Bagi yang ingin memulai dari nol dengan urutan yang jelas, kelas wireless networking skala enterprise dari ITBOX bisa dijadikan langkah lanjutan. Materinya bergerak dari model OSI dan TCP/IP, IPv4 addressing, subnetting dan VLSM, sampai routing statis dan dinamis, seluruhnya dipraktikkan lewat Cisco Packet Tracer. Kelas ini diampu Mentor Aditya yang berprofesi sebagai Solutions Architect di NTT Ltd, telah diikuti 555 peserta, serta dilengkapi sertifikat penyelesaian, forum diskusi, dan sesi konsultasi bulanan.
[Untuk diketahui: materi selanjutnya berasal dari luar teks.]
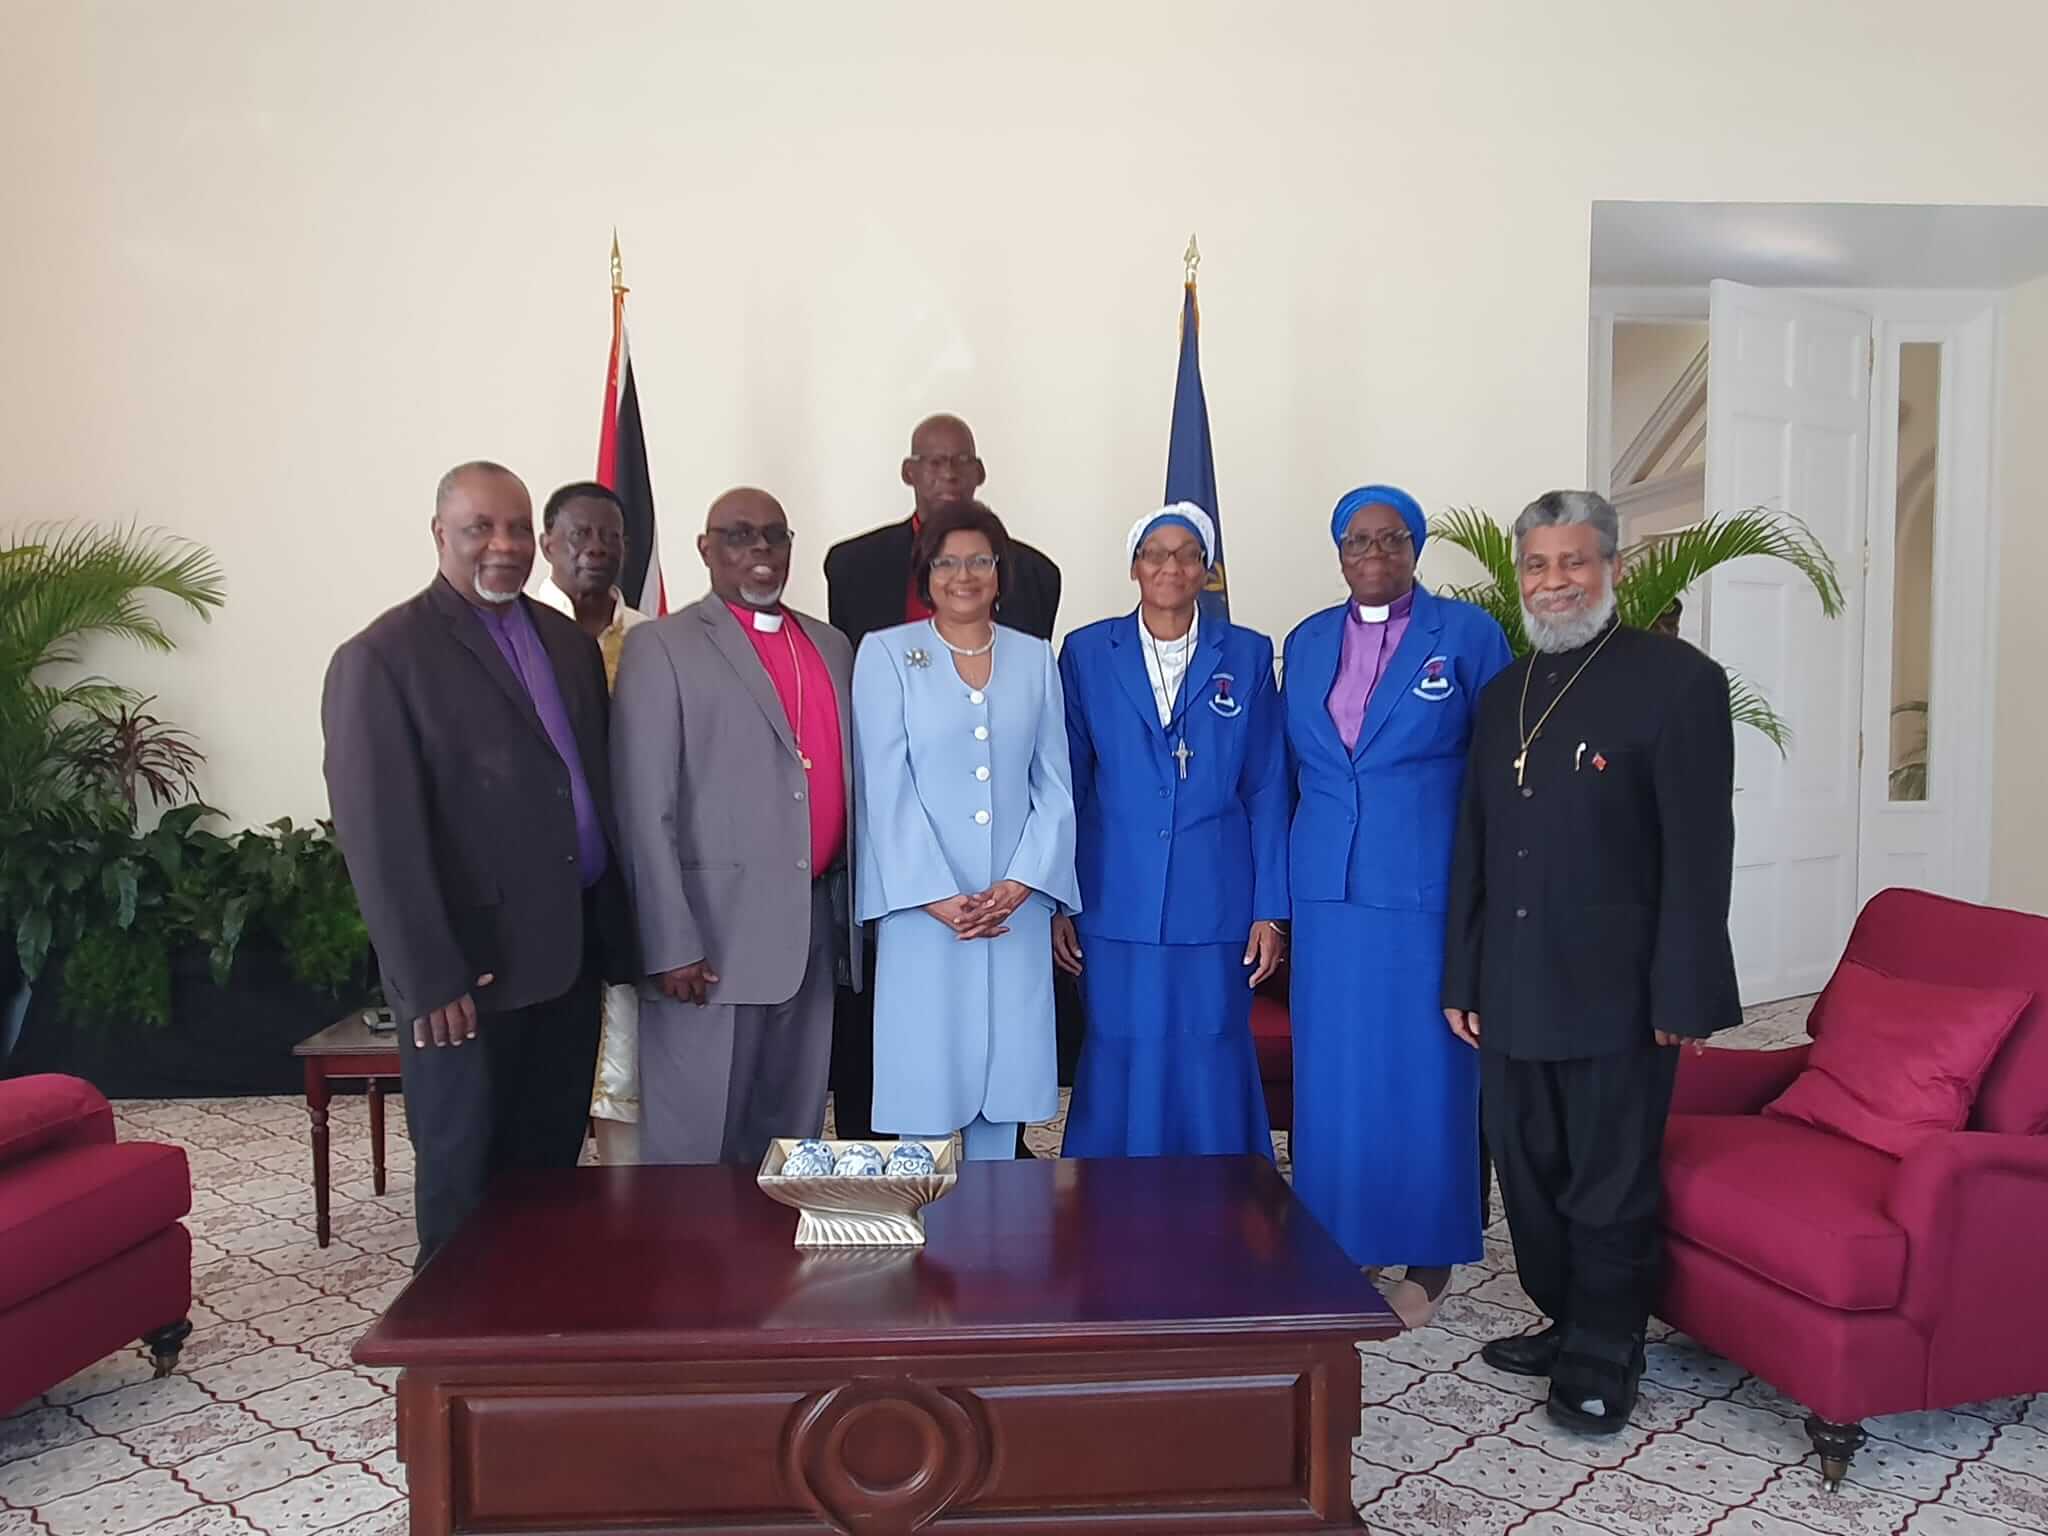 Her Excellency receives The National Congress of Incorporated Spiritual Baptist Organisations of Trinidad and Tobago

FAQ Seputar Jenis Jaringan
Beberapa pertanyaan berikut paling sering muncul dari kalangan yang baru memulai.
1. Apa Itu Network Administrator dalam Bahasa Sederhana?
Network administrator adalah orang yang bertanggung jawab merancang, mengatur, dan menjaga agar jaringan sebuah organisasi tetap berjalan stabil dan aman.
2. Apa Perbedaan LAN, MAN, dan WAN?
Pembedanya terletak pada luas cakupan, mulai dari satu gedung untuk LAN, satu wilayah kota untuk MAN, sampai lintas kota atau negara untuk WAN.
3. Apa Keuntungan Metropolitan Area Network?
Keuntungan MAN adalah kemampuannya menghubungkan beberapa lokasi dalam satu kota dengan kecepatan tinggi tanpa sepenuhnya bergantung pada internet publik.
4. Apa yang Dimaksud dengan Private Network?
Private network adalah jaringan yang aksesnya dibatasi untuk kalangan tertentu, umumnya dipakai perusahaan untuk melindungi lalu lintas data internalnya.
5. Apakah Belajar Jaringan Harus Punya Perangkat Sendiri?
Tidak harus, sebab simulator seperti Cisco Packet Tracer sudah memadai untuk berlatih merancang berbagai jenis jaringan.